» **Requirement**:
Below this line is a listing that includes pictures. Copy exactly, and only, the lines from the one containing "UNISON SQUARE GARDEN" through the one containing "Nash's show"; the pictures do not go in the copy.

» **Provided entries**:
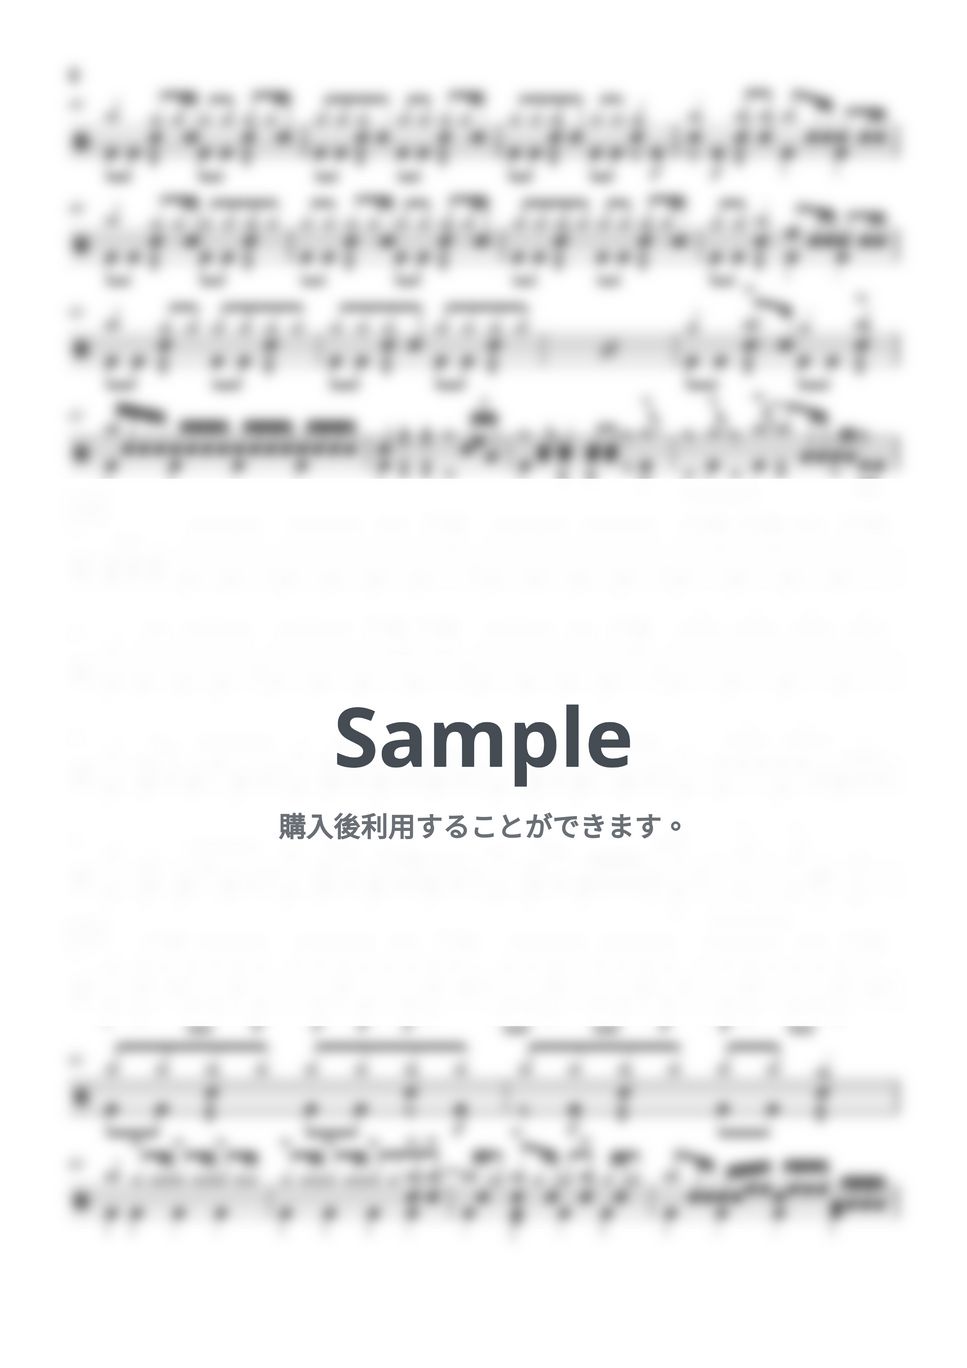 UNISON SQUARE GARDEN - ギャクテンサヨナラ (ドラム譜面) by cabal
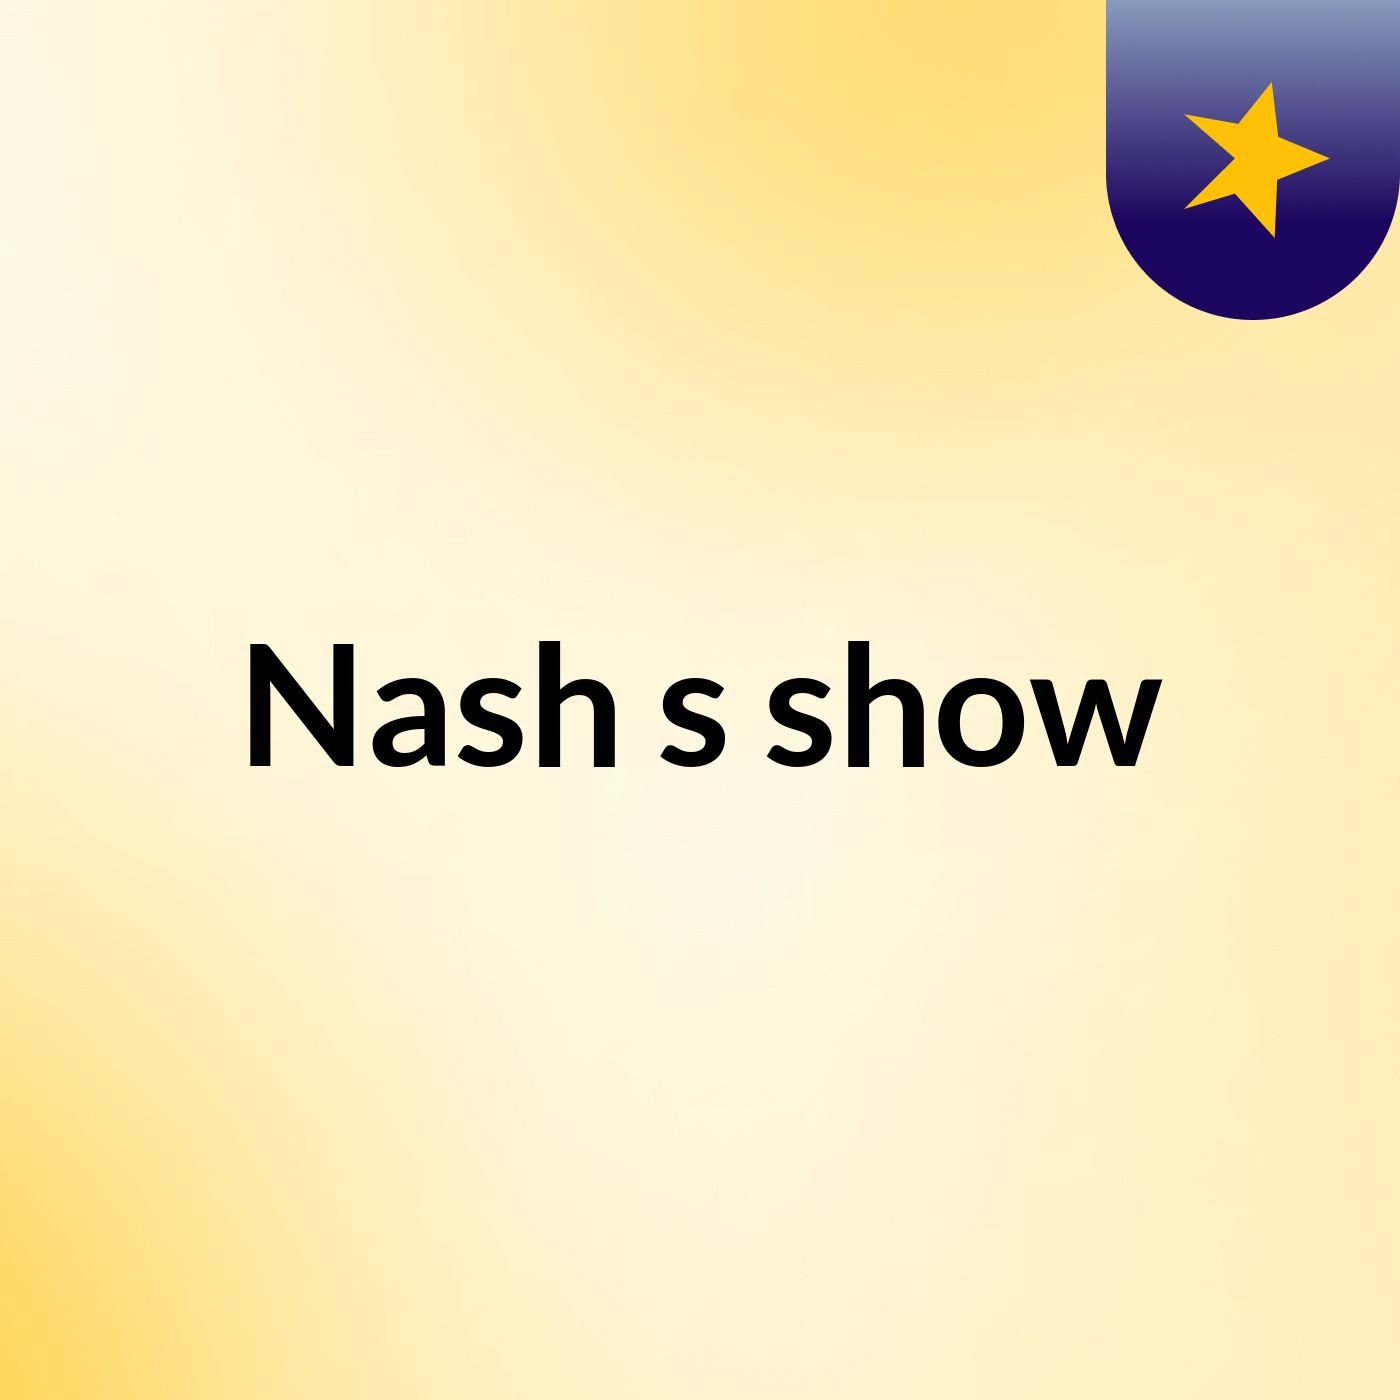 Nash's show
---
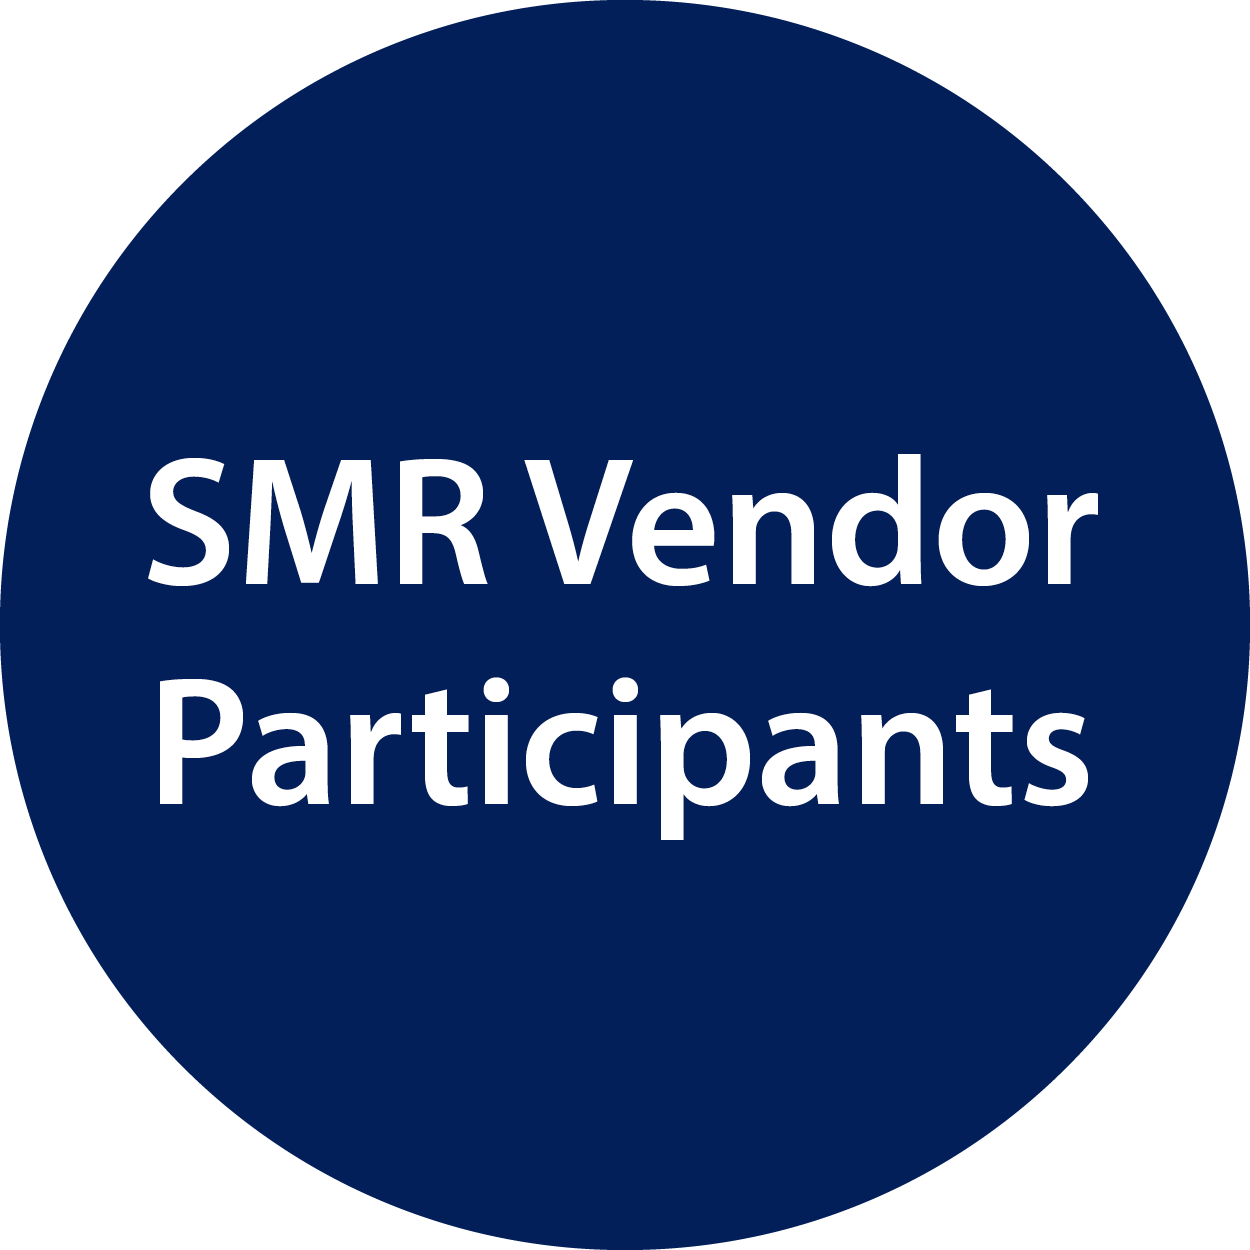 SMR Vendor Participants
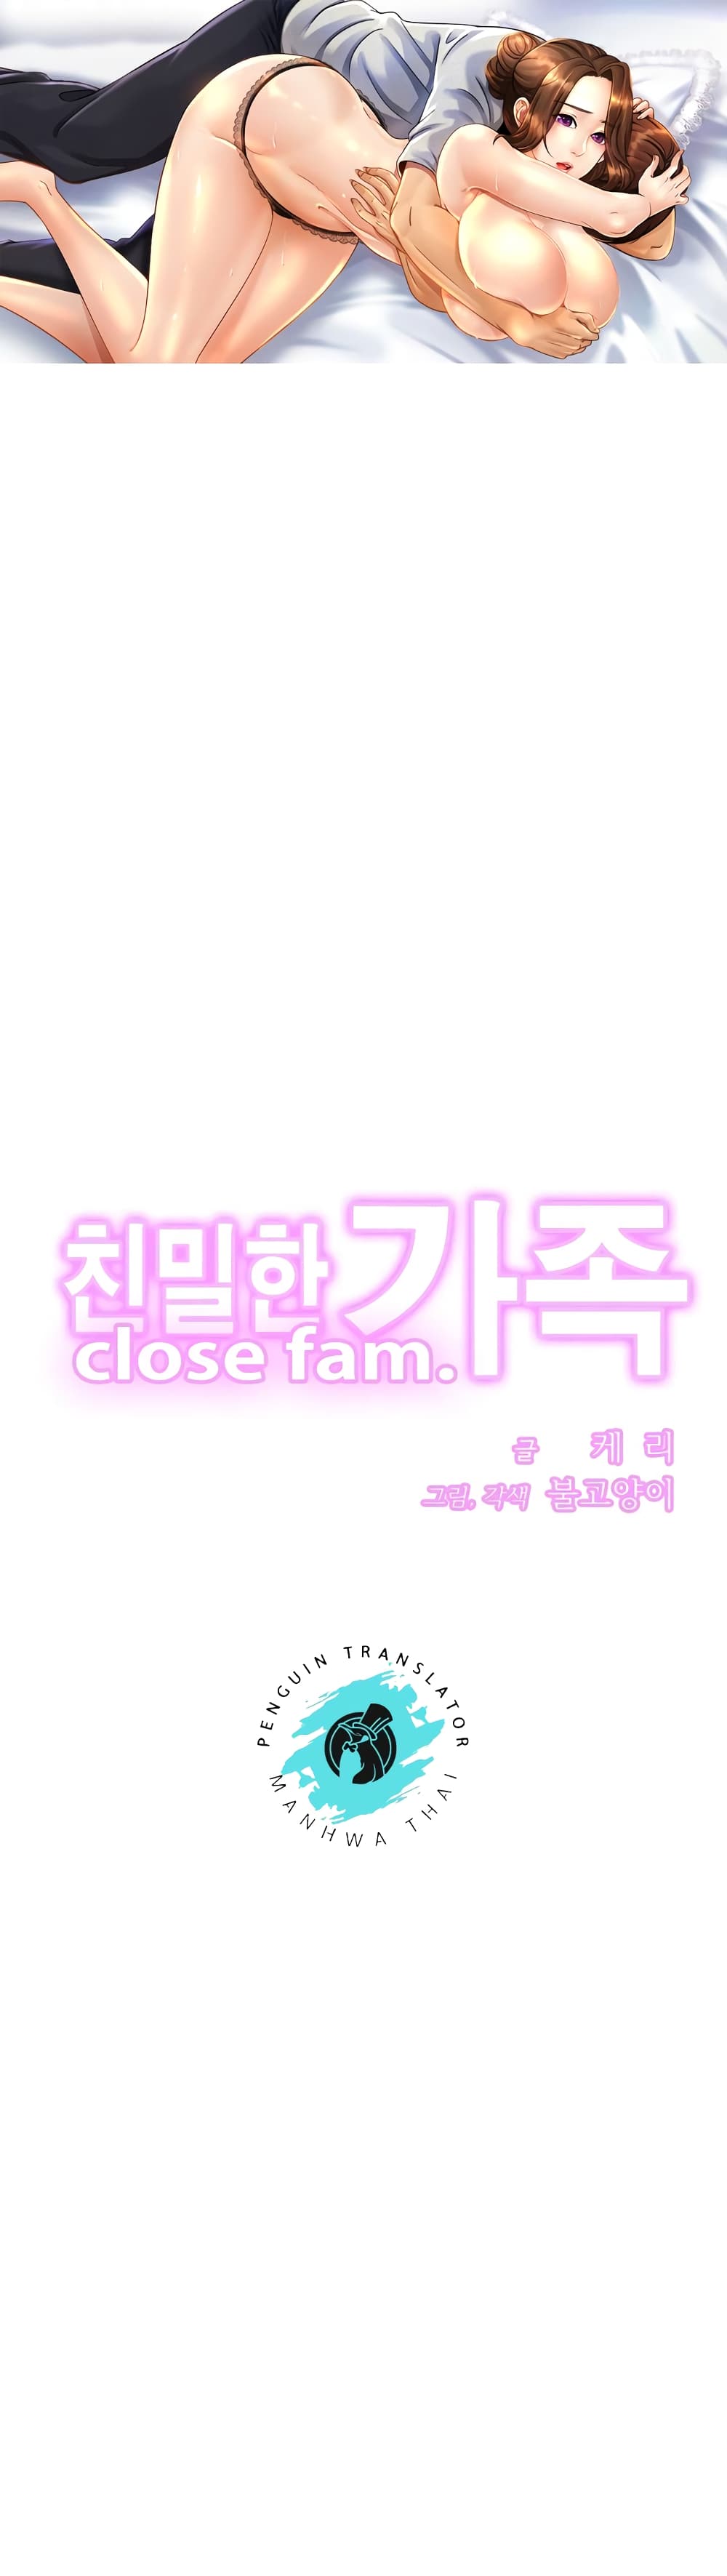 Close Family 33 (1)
--
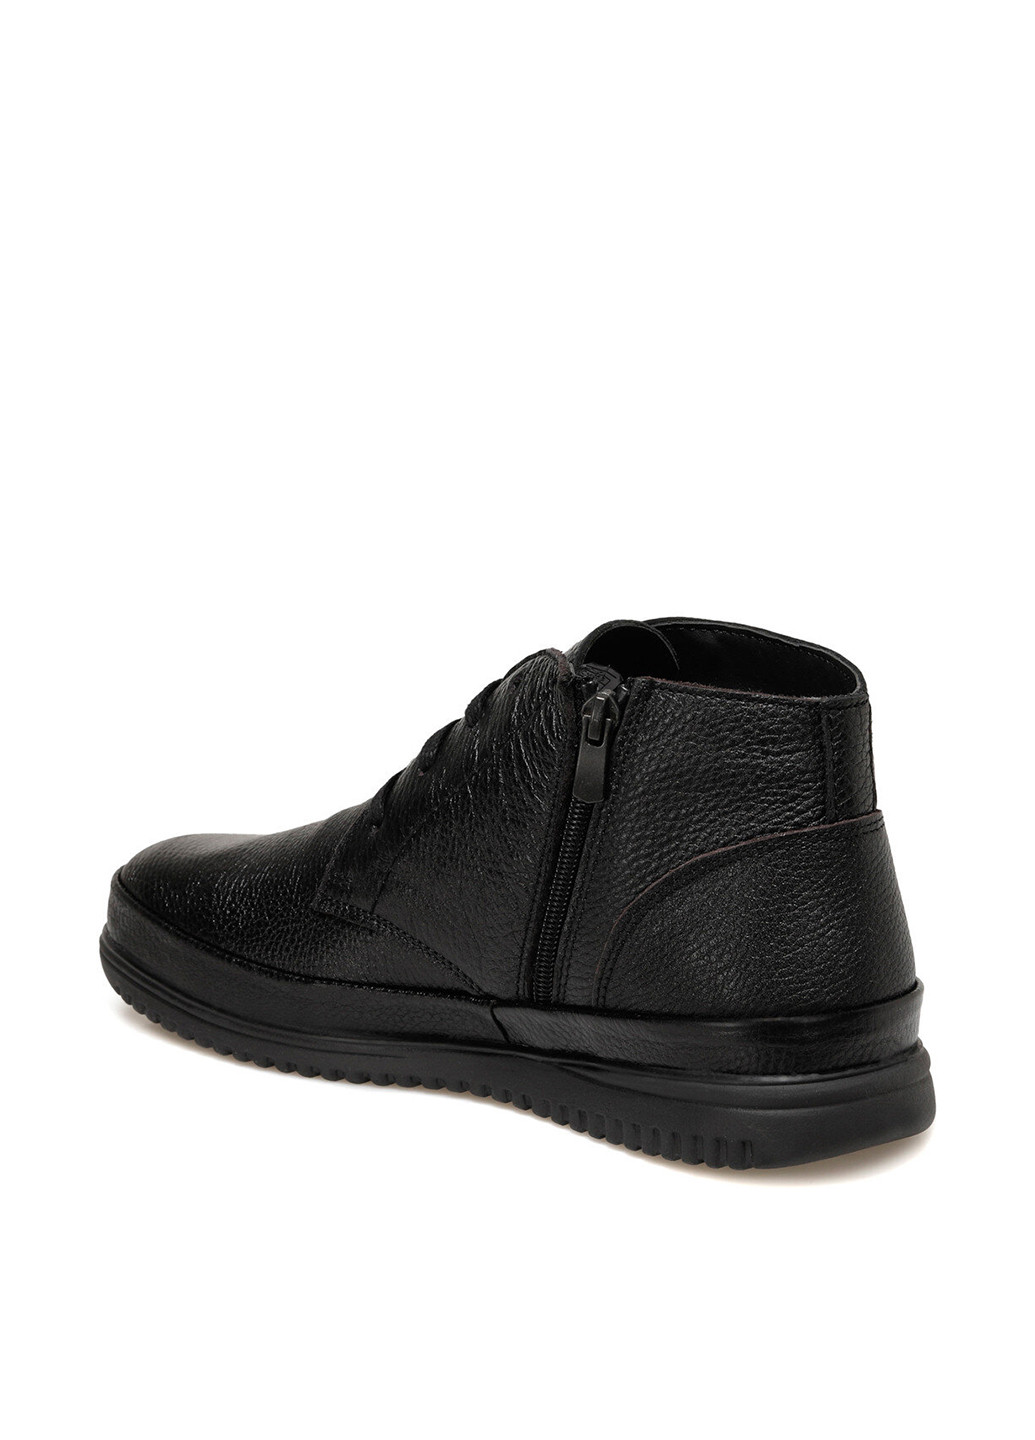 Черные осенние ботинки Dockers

» **Answer to this exercise**:
 UNISON SQUARE GARDEN - ギャクテンサヨナラ (ドラム譜面) by cabal
 Nash's show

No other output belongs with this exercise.